Some of the findings are confusing and need reconsideration. The two themes seem very obvious, lack depth, and are not very interesting, but the short excerpts suggest there is much more going on in the data. There are clearly interesting contradictions between some who were very happy with the lack of social contact as they felt this gave them space to breastfeed in peace without disturbance or interference from family and friends and others who (very specifically) felt that the absence of the advice and guidance from their own mothers was hindering their ability to breastfeed effectively. There are also indications that there are some very clear inequalities here, which is touched upon in the discussion. Is there not more in the data about this? Very little on the wider psychological impacts on the mothers of lockdown and how this impacted on their breastfeeding. There are interesting findings on the restricted access to social/professional support and the potential for this to result in early cessation of breastfeeding.

Overall, I wanted more from the findings and was quite frustrated by their quite descriptive and thin nature.

The discussion starts with Covid-019 mother to baby transmission, but this is not something considered in the data these were non-infected mothers. Was this something that the mothers were concerned about, as it does not come through very clearly in the findings?

Much of the discussion makes quite large claims on the basis of some relatively thin evidence. It may be that there is some good data in the interviews, but it has not been brought out very well in the findings.

Overall, I feel that this needs some significant revision before it would be suitable for publication.

References

Barbour R. S. (2001). Checklists for improving rigour in qualitative research: a case of the tail wagging the dog?. BMJ (Clinical research ed.)322(7294), 1115–1117.

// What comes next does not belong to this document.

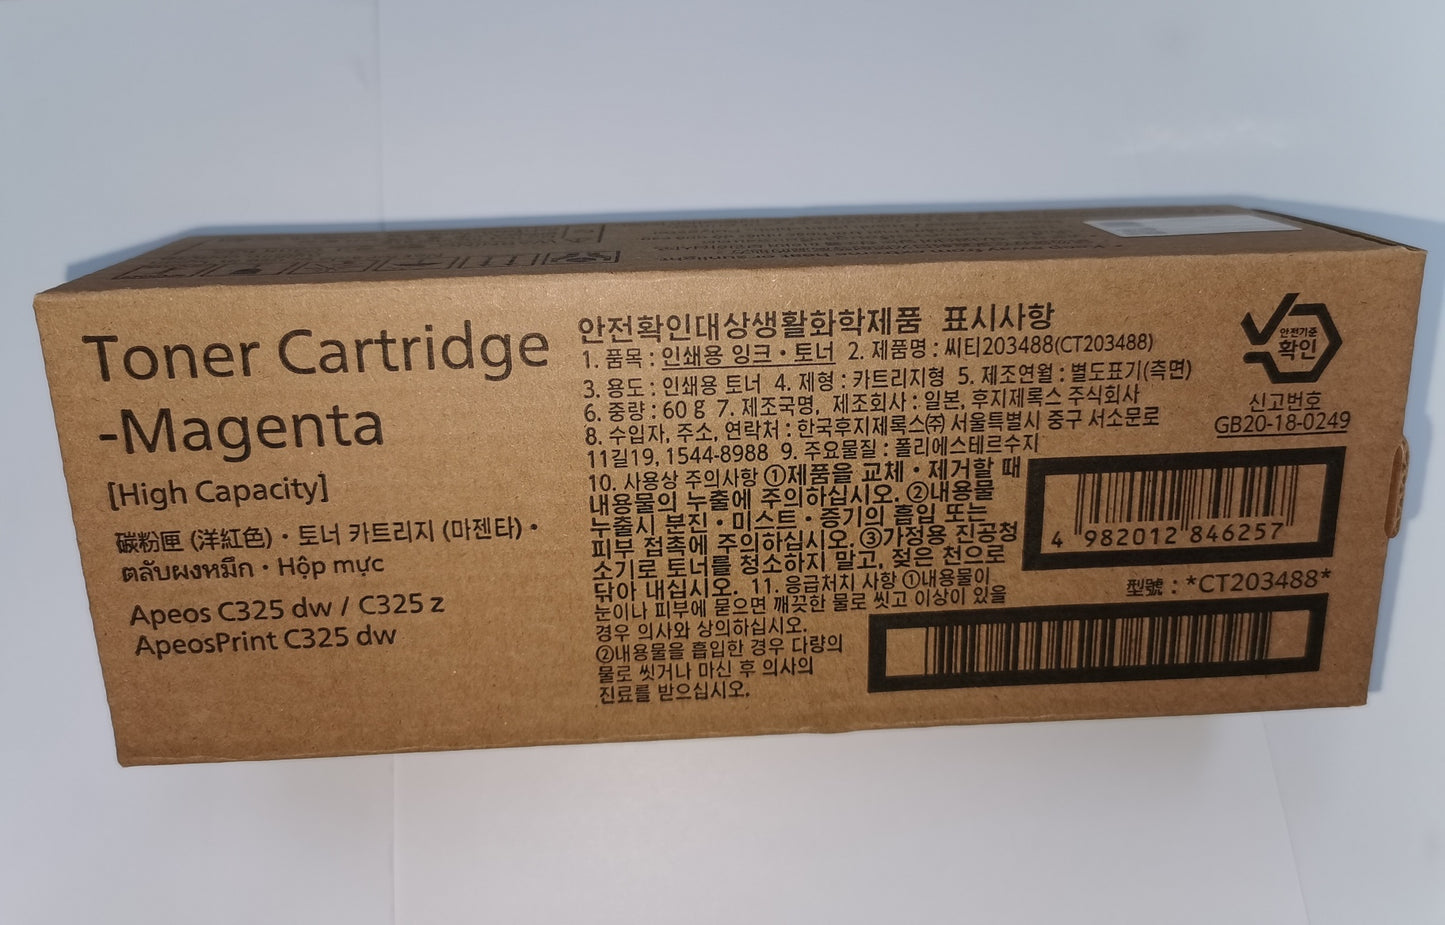 CT203486, CT203487, CT203488 and CT203489 Original Fujifilm Toner Cartridge for Apeos C325z/325dw. Order all 4 colors and get a FREE CWAA0980 worth $40.

Braun, V. and V. Clarke (2022) Thematic Analysis: A Practical Guide. London: Sage.

Author Response

Dear Respected Reviewer,

International Journal of Environmental Research and Public Health

RE: Manuscript titled "The Lived Experiences of Women Without COVID-19 in Breastfeeding their Infants During the Pandemic: A Descriptive Phenomenological Study"

     Thank you for your unstinting effort to review the revised manuscript. Our research team appreciated your valuable comments. In this attached document, we provided our responses in a point-by-point format. We hope that our revisions to the manuscript can address your concerns satisfactorily.

     This response letter was prepared with reference to a template that we downloaded from the Journal website. In that template, we noticed that all responses from the authors were highlighted in red. We thus followed the prescribed style and format.

 

Your faithfully,

Corresponding author

Manuscript no.: ijerph-1784525

[The author's name is not shown because a blinded review process is required by the Journal.]